Ve şimdi bu dostluktan şüphe eden iki adam onların eğlencesine ve özledikleri anlarına şüpheleriyle çomak sokuyordu.
"Kalem tutmayı biliyorsanız tabi." diyerek önüne dönmüştü genç kız.
Son olaylardan haberi olmayan Erdi, İnanç ile konuşmak için gelmişti. Görünen o ki ne yapmaya çalıştıkları belli olmayan bu iki adam niyetine kemik atıyor ve engelliyorlardı.
İki adama katran karası gözlerini dikti. Belli ki ikisini sevgili zannetmişlerdi.
Doğu ve Ertu kötü niyetlerine içlerinden küfretmişlerdi. Fingirdeşeceklerini düşünmüş, namusuna el uzatmaması için korumaya gelmişlerdi. Ancak ortada ne pis düşüncelerine sebep olan o meşum çalışma vardı, ne namusun kirletildiği.

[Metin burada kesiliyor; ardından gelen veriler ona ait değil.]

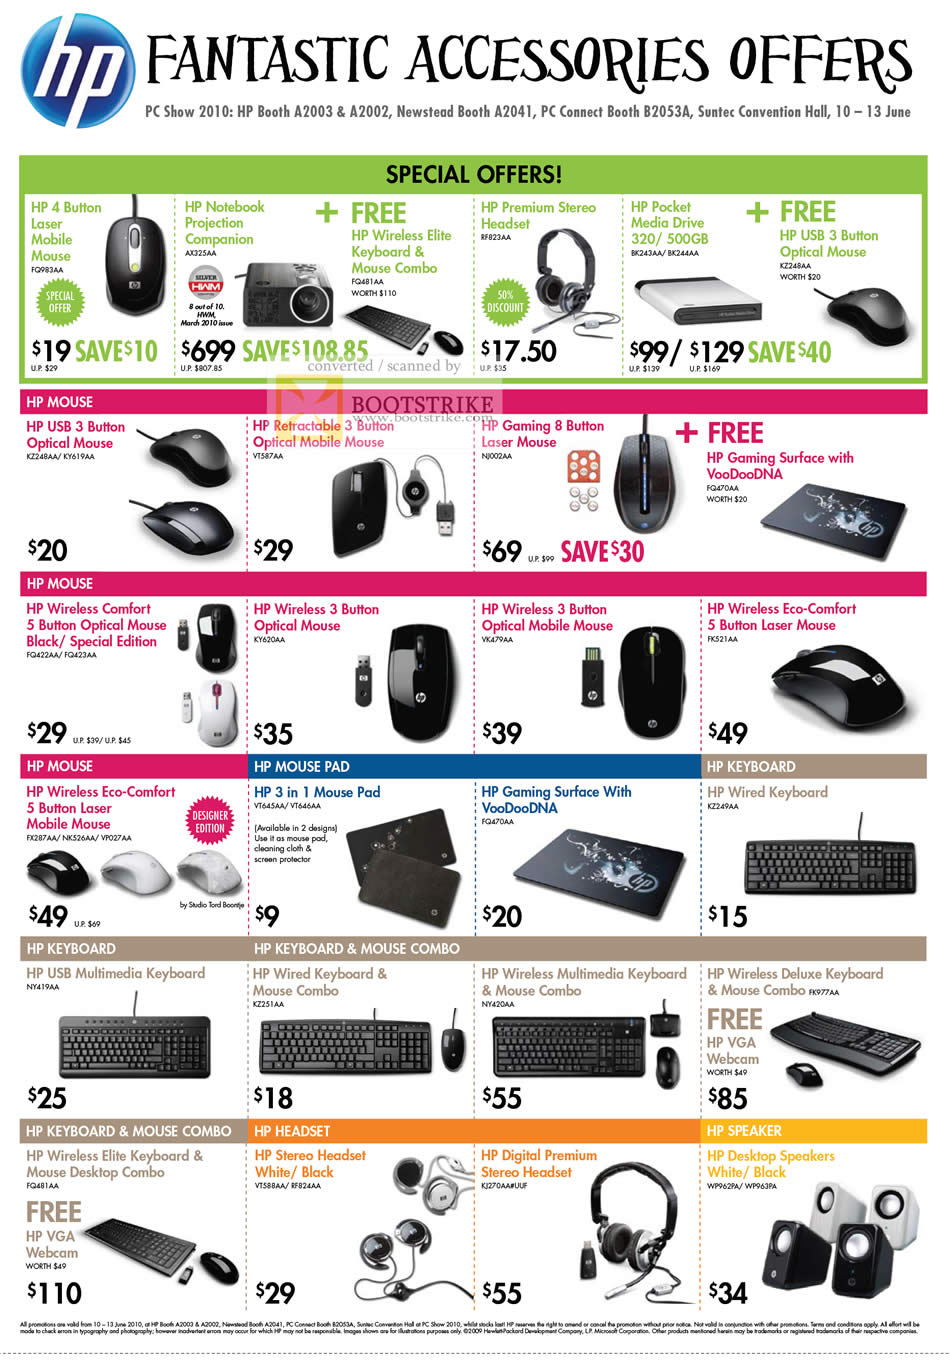 PC Show 2010 price list image brochure of HP Accessories Mouse Wireless COmfort Laser Mousepad Keyboard Headset Speaker
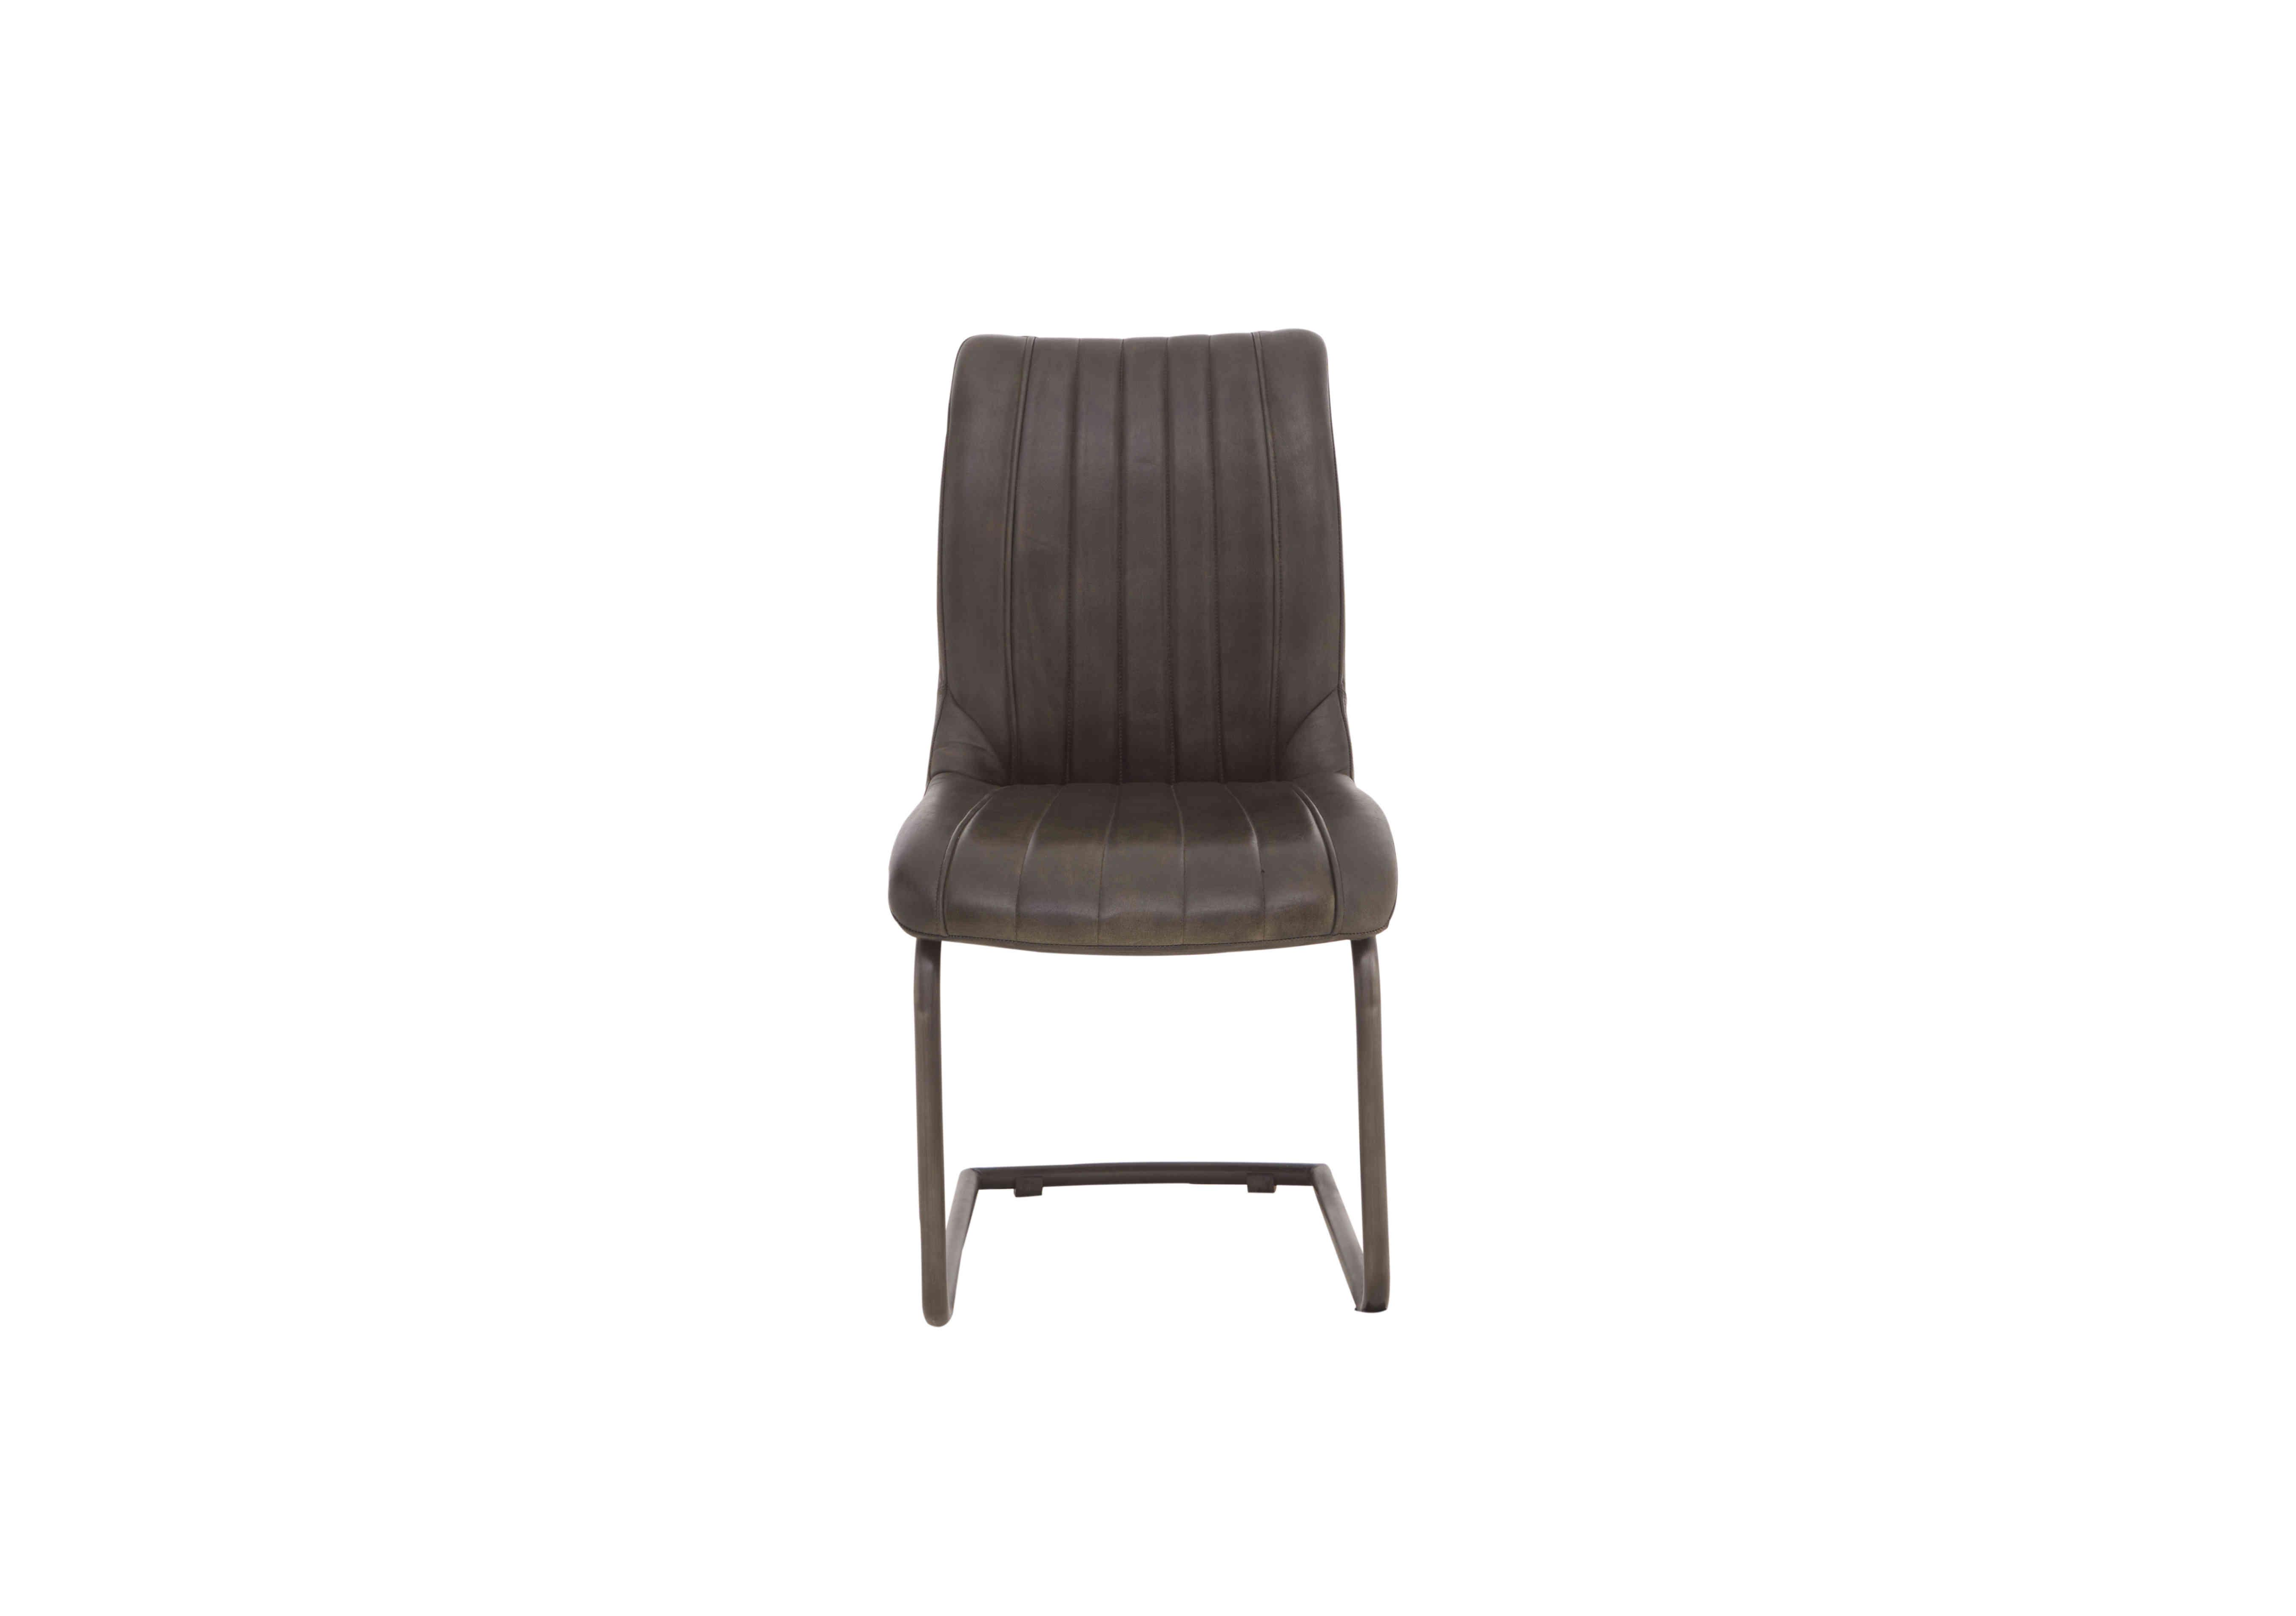 Dee Cantilever Leather Dining Chair in Vintage Dark Grey on Furniture Village

Tek kirli namus onların fesat içleriydi.
"Bugün ne çiziyoruz?" her zaman ki soruyu yöneltmişti Gürmen.
Erdi bilmem anlamında kafasını salladı. Fikri genç kıza bıraktı.
"Kalemi alıyorum yavrum. Benden ne gelirse devam edeceksin!" diyerek adamın karnına uyarıcı dirseğini savurmuş ve gülüşerek çizime başlamışlardı.
Yine kalp ve Gürmen. Yine yara, yine ihanet. Yine acı, yine acı!
Kalemi tutan elleri titremeden başlamıştı kesik damarları çizmeye. Zarif bir dokunuş yetiyordu. Zarif bakış acısına bugün tezat oluşturan bir çizim geliyordu.
"Yine yılmışsın Gece!"
Gece diyordu genç kıza. Gece kadar soğuk ve hisliydi. Tehlike kaleminde can bulduğunda ayın huzmeleri sönüyor, yakamoz yok oluyor, deniz kuruyor, yıldızların ihtişamı vahim bir sonla yerlerde buluyordu.
Gece hüzünlüydü.
Kafasını genç adamın omzuna dayayıp çizimine devam etti. "Kendi halimdeyim..."
ŞİMDİ OKUDUĞUN
ARIZALI
Teen FictionArızanın ta kendisi olan adam DOĞU ÜZEYİROĞLU! Ne çok iyi ne çok kötü. Onu acımasızlaştıransa kardeşinin bir başka kıza ondan habersiz nakil edilen kalbi. Batu'nun kalbini geri almaya ant içtiği günlerin azabını ise yaşam çiçeği yeni oksijen almış...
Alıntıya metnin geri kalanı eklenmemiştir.